You know the old question: Do you live to eat or eat to live? Well, no surprise which attitude is held by “normal” eaters. If you’re highly food centered—even as a restrictive eater, controlling your intake while obsessing about it—it’s difficult to develop a positive relationship with food. The goal is to enjoy it, without food itself or thoughts of it becoming the focus of your life.

Naturally, most people have favorite foods and restaurants—the Chicken Kiev at the new place in town, the crusty, whole wheat bread at the café down the street, the caramel fudge at the candy store at the mall, or the super creamy cheesecake at the bakery. We all have different cravings and special foods that satisfy them. Enjoying delicious food can be a real treat and enormously satisfying and memorable. Although food originally tasted good so that we’d eat it to survive, over the millennia, taste has been enhanced so that food meeting taste buds is now an event in itself.

The problem arises when you’re so focused on food that your life revolves around it. Heading for dinner with an acquaintance, you’re less excited about possibly making a new friend, than about the Tiramisu you already know you have to have for dessert. Or you’re meeting an old chum who’s in town for the day at your favorite brunch spot, and find yourself thinking more about the waffles in syrup than how wonderful it will be catching up with her. If your brain lights up occasionally thinking about certain foods, that’s healthy. If you find that every day you’re looking forward to food more than what seems natural, you need to reprogram your brain.
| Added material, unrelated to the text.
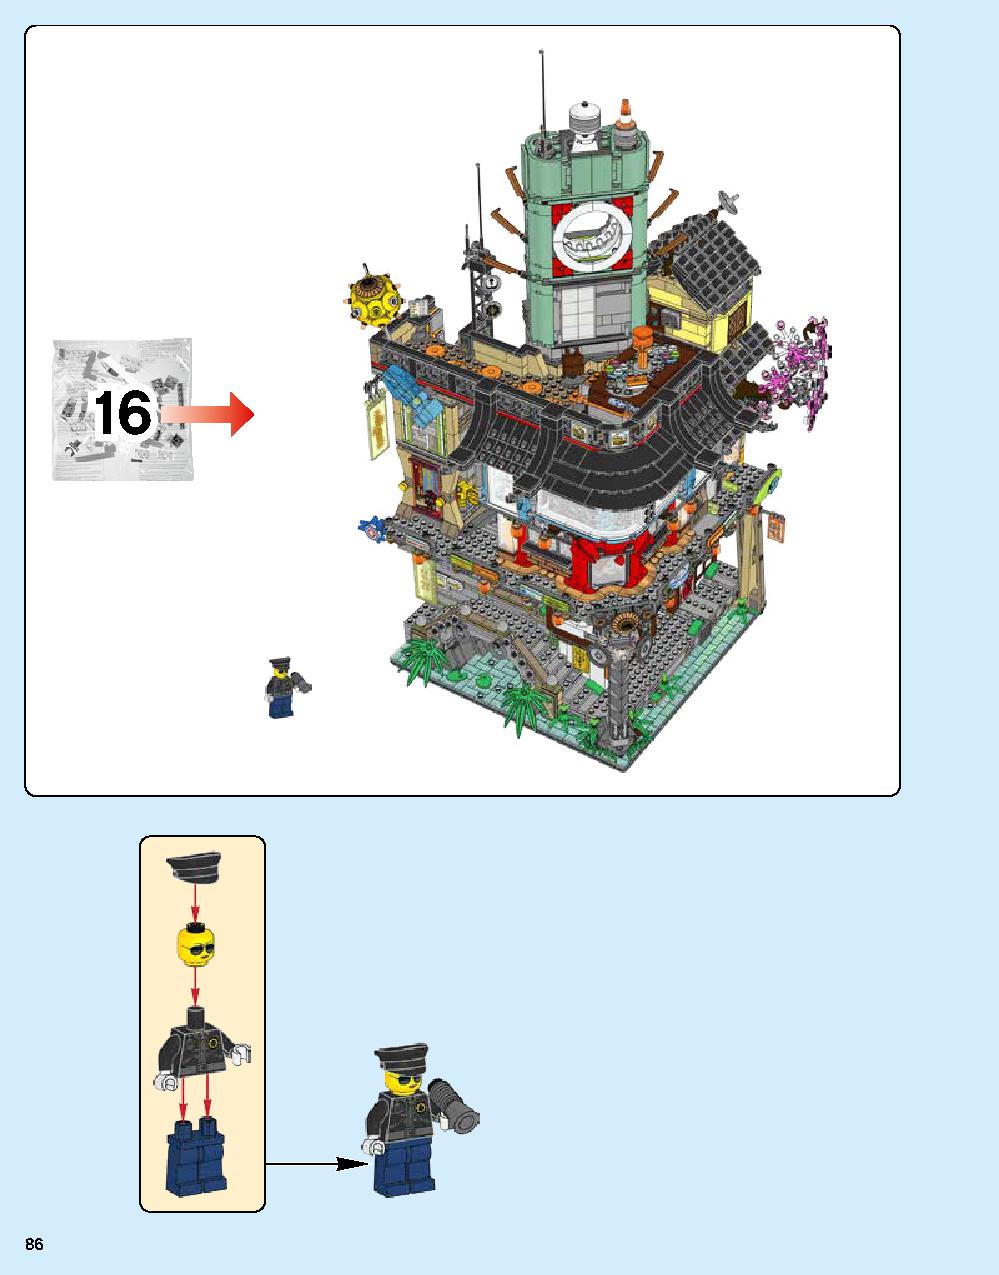 ニンジャゴー シティ 70620 レゴの商品情報 レゴの説明書・組立方法 86 page

There’s a fine line between enjoying and anticipating food pleasurably, and putting your energy into it 24/7. Most “normal” eaters could tell you their favorite foods, but don’t think much about them. If obsessing about food or overdoing to get it is something you do regularly—Gee, honey, let’s go to Target, though it’s hailing like crazy out there, cause I seem to recall that the diner next door has those out-of-this-world fries—it may mean that there aren’t enough other things in life to ring your chimes.

Over-focusing on food is often symptomatic of boredom, routine, and a kind of ennui. So, when you feel your mind drifting toward food when you’re not hungry, remind yourself that it should not be the center of the universe. It has a wonderful place in life, but should not become your life. Instead of obsessing about eating, reflect on other ways to bring passion to your little world, then go out and make it happen.